The bills would also prohibit outside investors from charging any fee “directly or indirectly” tied to a firm’s fees, revenue or profits and from imposing non-compete agreements and non-disparagement agreements on lawyers and staff.

They would also limit Illinois lawyers’ ability to share fees with out-of-state “alternative business structures” like those allowed in Arizona unless the Illinois attorney is licensed where the ABS is approved, and the fees are for work performed in that state.

Violations could carry steep consequences: attorney discipline, statutory damages of $10,000 per violation, or treble actual damages, plus fees and injunctive relief.

The bills' sponsors, State Sen. Michael Hastings and Rep. Jennifer Gong-Gershowitz, are both attorneys, Democrats and committee chairs of their chambers' judiciary committees. They told Reuters they worry that investor incentives and capital expectations could lead law firms to favor certain clients or distort the resources they devote to representing them.

"I have a grave concern as to the adequate representation of the client," Hastings said.

The proposed legislation comes after McDermott, Will & Schulte, a Chicago-founded law firm with 1,750 lawyers, acknowledged last year that it was exploring MSO arrangements. The firm did not immediately respond to a request for comment. Litigation financier Burford Capital told Reuters in August that it has held discussions with firms about potential MSO partnerships.

Arizona, meanwhile, has licensed more than 125 entities to provide legal services through its alternative business structure program, making it the most permissive jurisdiction for non-lawyer ownership of legal service providers and a key testing ground for non-lawyer or investor-backed law firms. Last year, KPMG under Arizona's program became the first of the Big Four accounting firms to launch an affiliated law firm.

Some legal ethics practitioners argue the Illinois bills may test constitutional boundaries. Holland & Knight partners Trisha Rich and Joshua Porte, who have advised on MSO deals, said in a client alert that the legislation may intrude on the Illinois Supreme Court’s exclusive authority over attorney regulation.
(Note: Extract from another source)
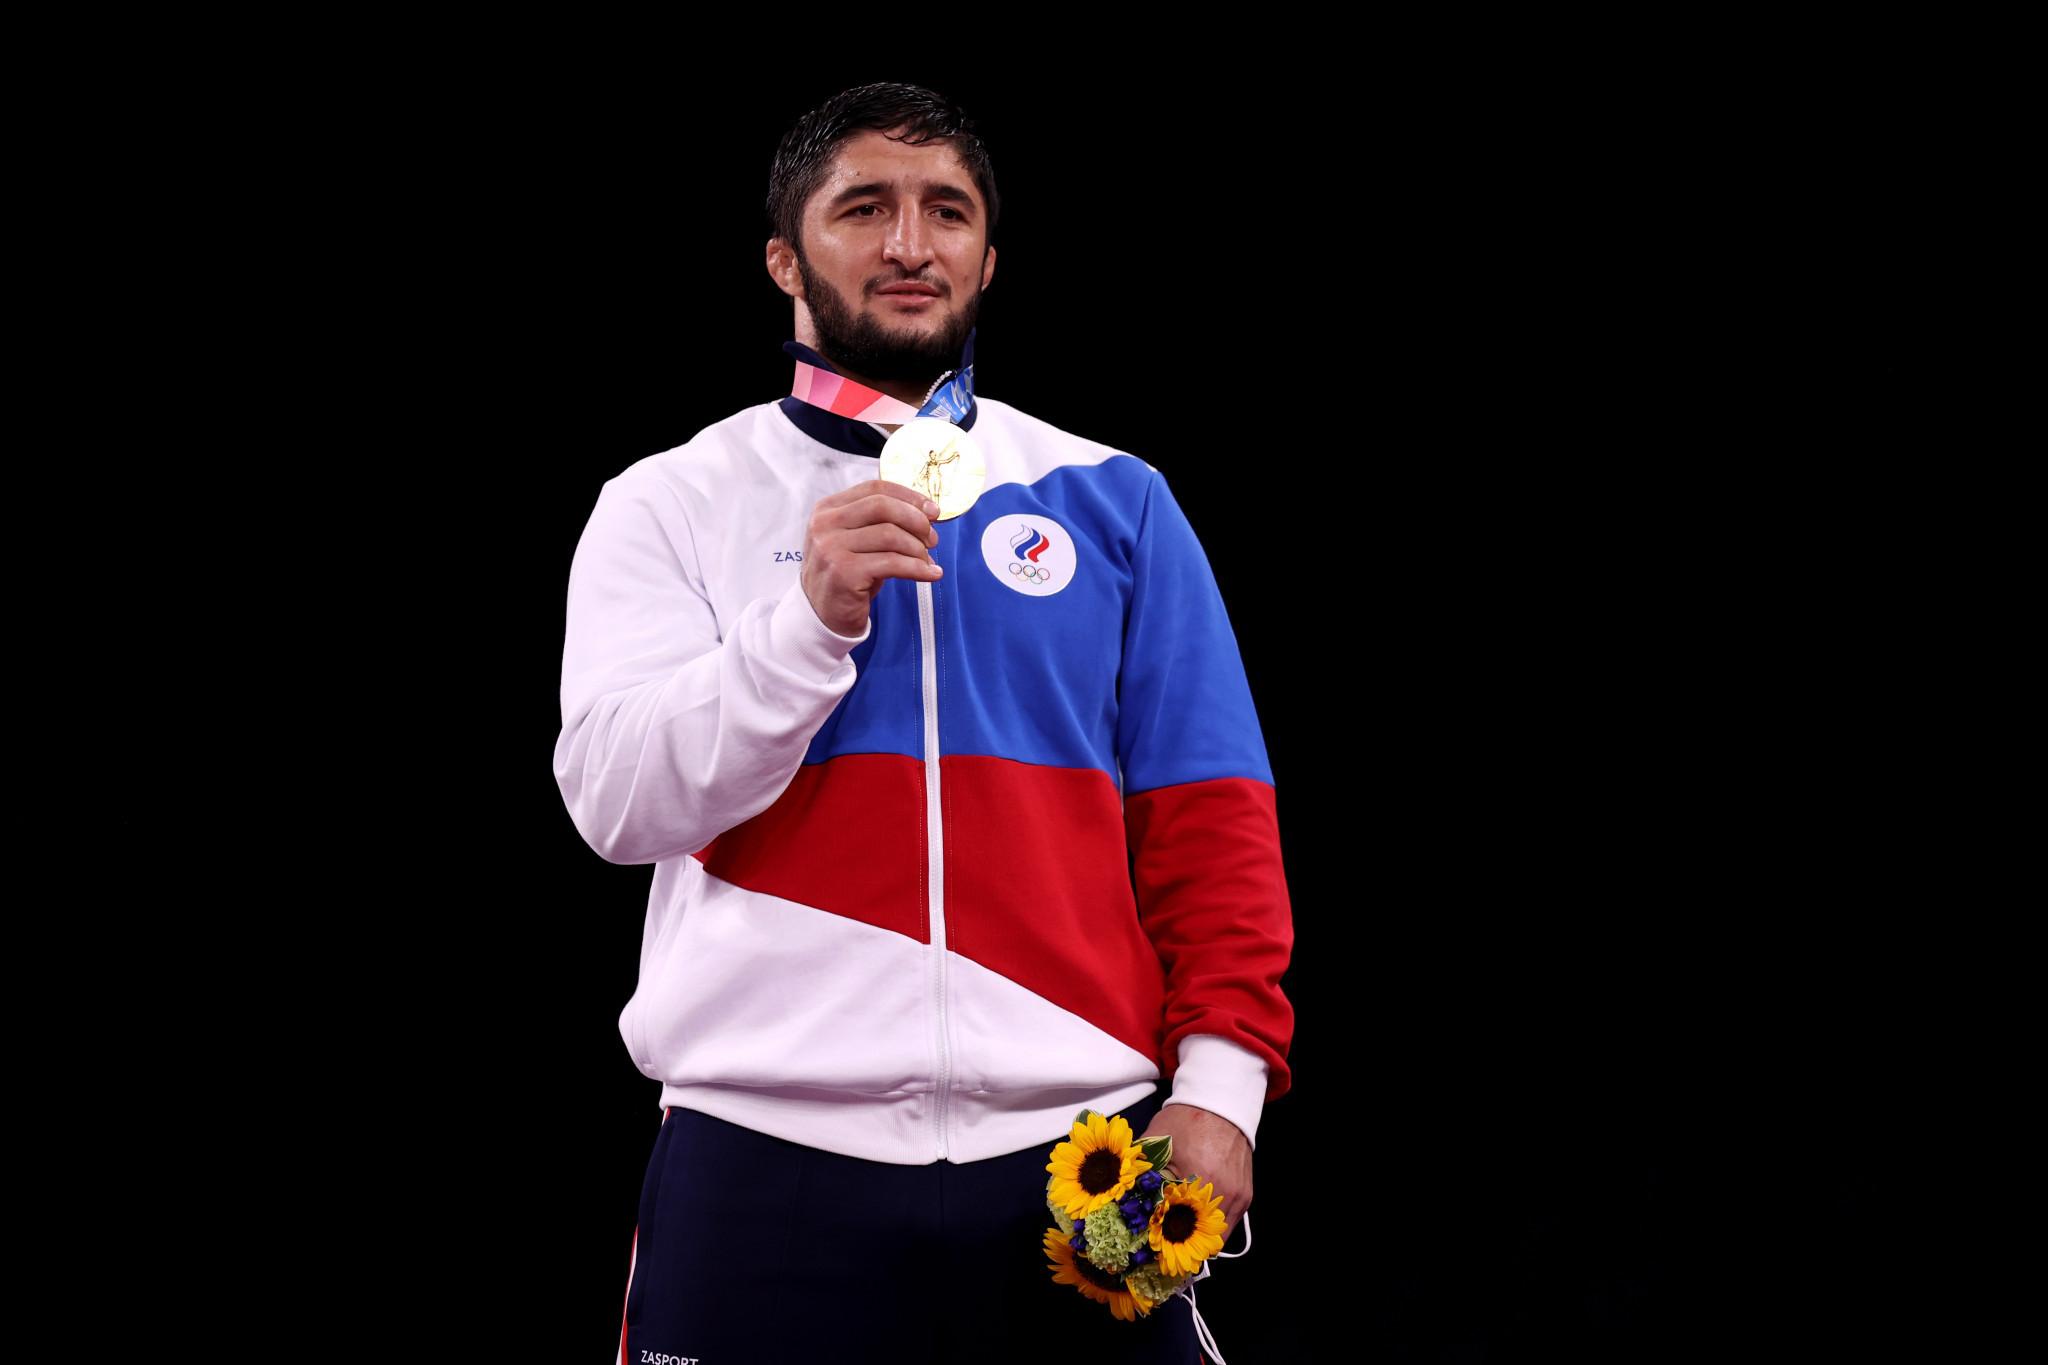 Four-time world champion Sadulaev among 25 Tokyo 2020 medallists involved at UWW World Championships in Oslo

Austin Maloney, a Hunton Andrews Kurth partner who advises MSO investors, said the proposal is “somewhere between a nothing-burger and problematic,” pointing particularly to the language barring "indirect" ties between law firm and MSO fees. Because every vendor relationship ultimately depends on firm revenue, “everything is indirectly tied,” he said.

Both bills sit in early committee stages, and Hastings has said he is open to refining the legislation based on feedback he receives. Gong-Gershowitz said passing this bill is "one of my top priorities because I definitely think it is one of the most consequential."
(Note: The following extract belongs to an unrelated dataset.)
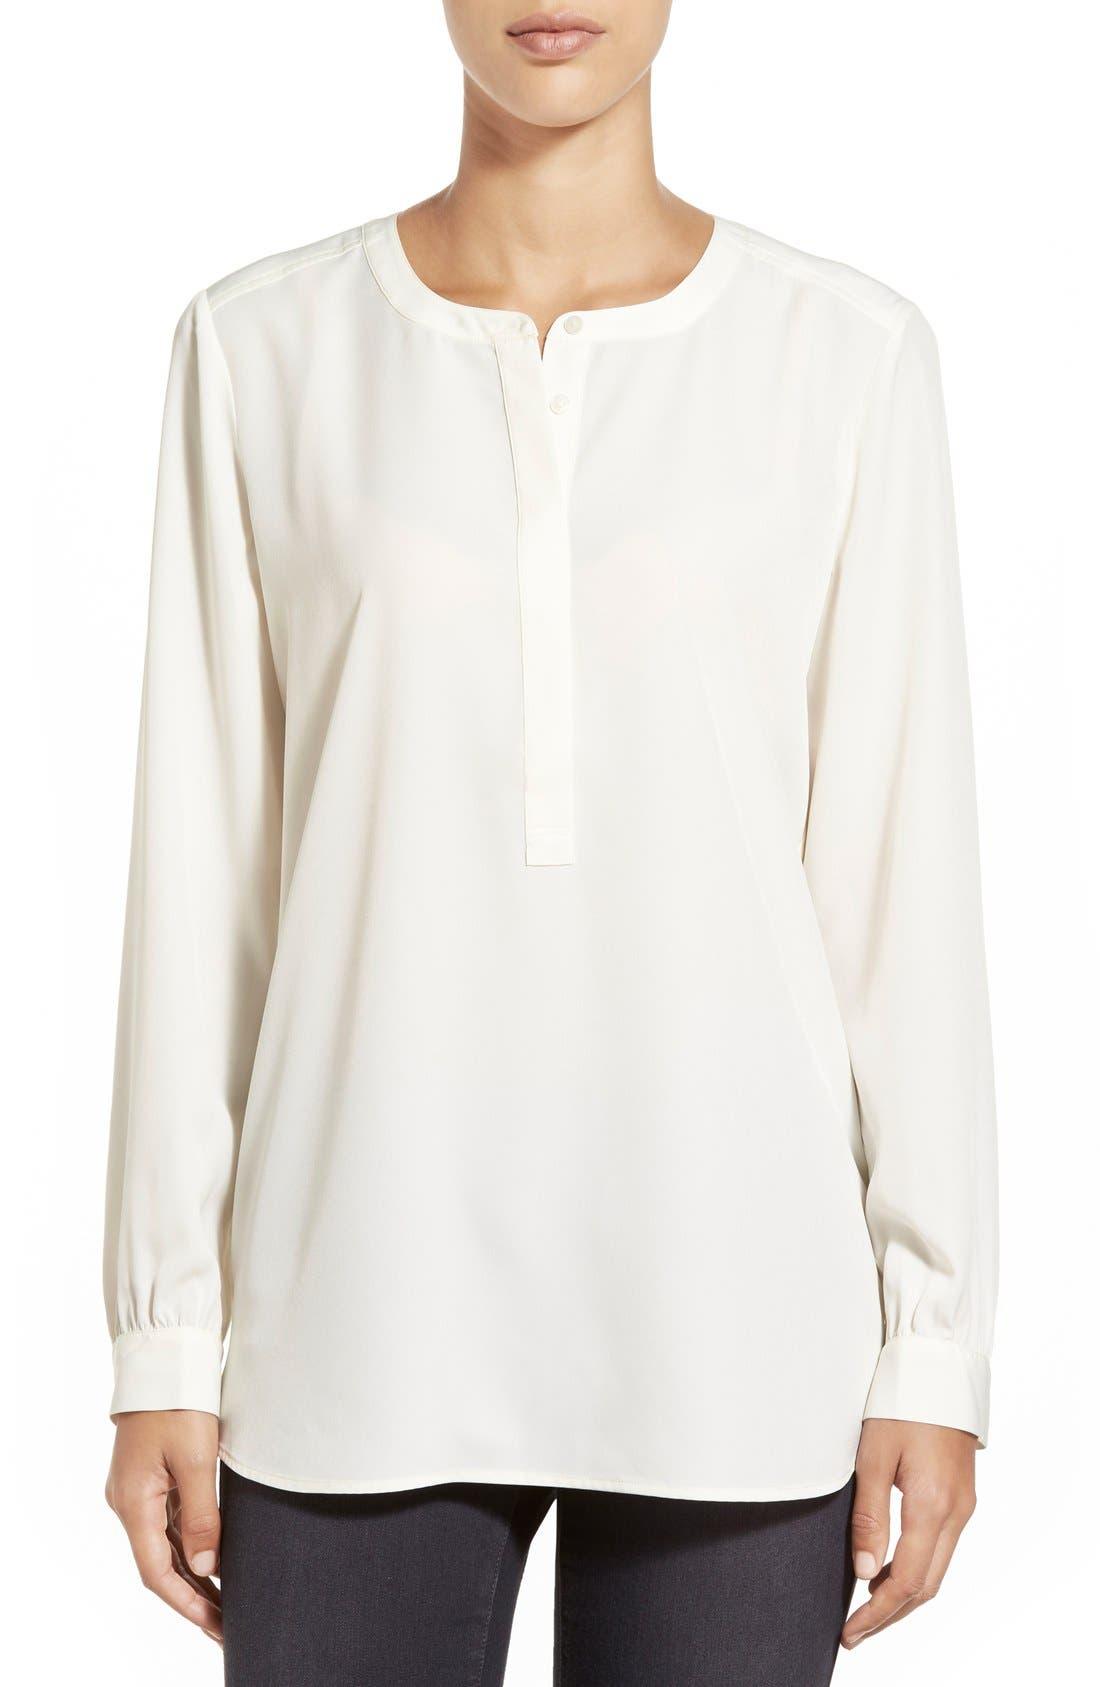 Main Image - NYDJ Woven Tunic Top (Regular & Petite)

GOLDSTEIN SOLD SCOTUSBLOG TO HELP PAY FOR DEFENSE IN CRIMINAL TAX PROSECUTION

Tom Goldstein sold the popular U.S. Supreme Court news website he founded to help fund his defense against tax charges tied to his side career as a high-stakes poker player, Goldstein's lawyer told jurors as trial in the criminal case was reaching its conclusion on Wednesday.

Goldstein had testified at the trial in Greenbelt, Maryland, that running the SCOTUSblog site costs millions of dollars. He sold the site last year to help pay for his defense, his lawyer Jonathan Kravis of law firm Munger Tolles told the jury.
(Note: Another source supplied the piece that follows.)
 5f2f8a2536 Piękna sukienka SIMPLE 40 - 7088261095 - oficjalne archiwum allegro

The sale price was not disclosed. Goldstein has pleaded not guilty to tax and mortgage fraud charges, with jury deliberations set to begin on Thursday.

Munger did not immediately respond to a request for comment about its billing rates for Goldstein. Dispatch Media Inc. last year acquired SCOTUSblog, which was originally founded in 2002. The company did not immediately respond to a request for comment.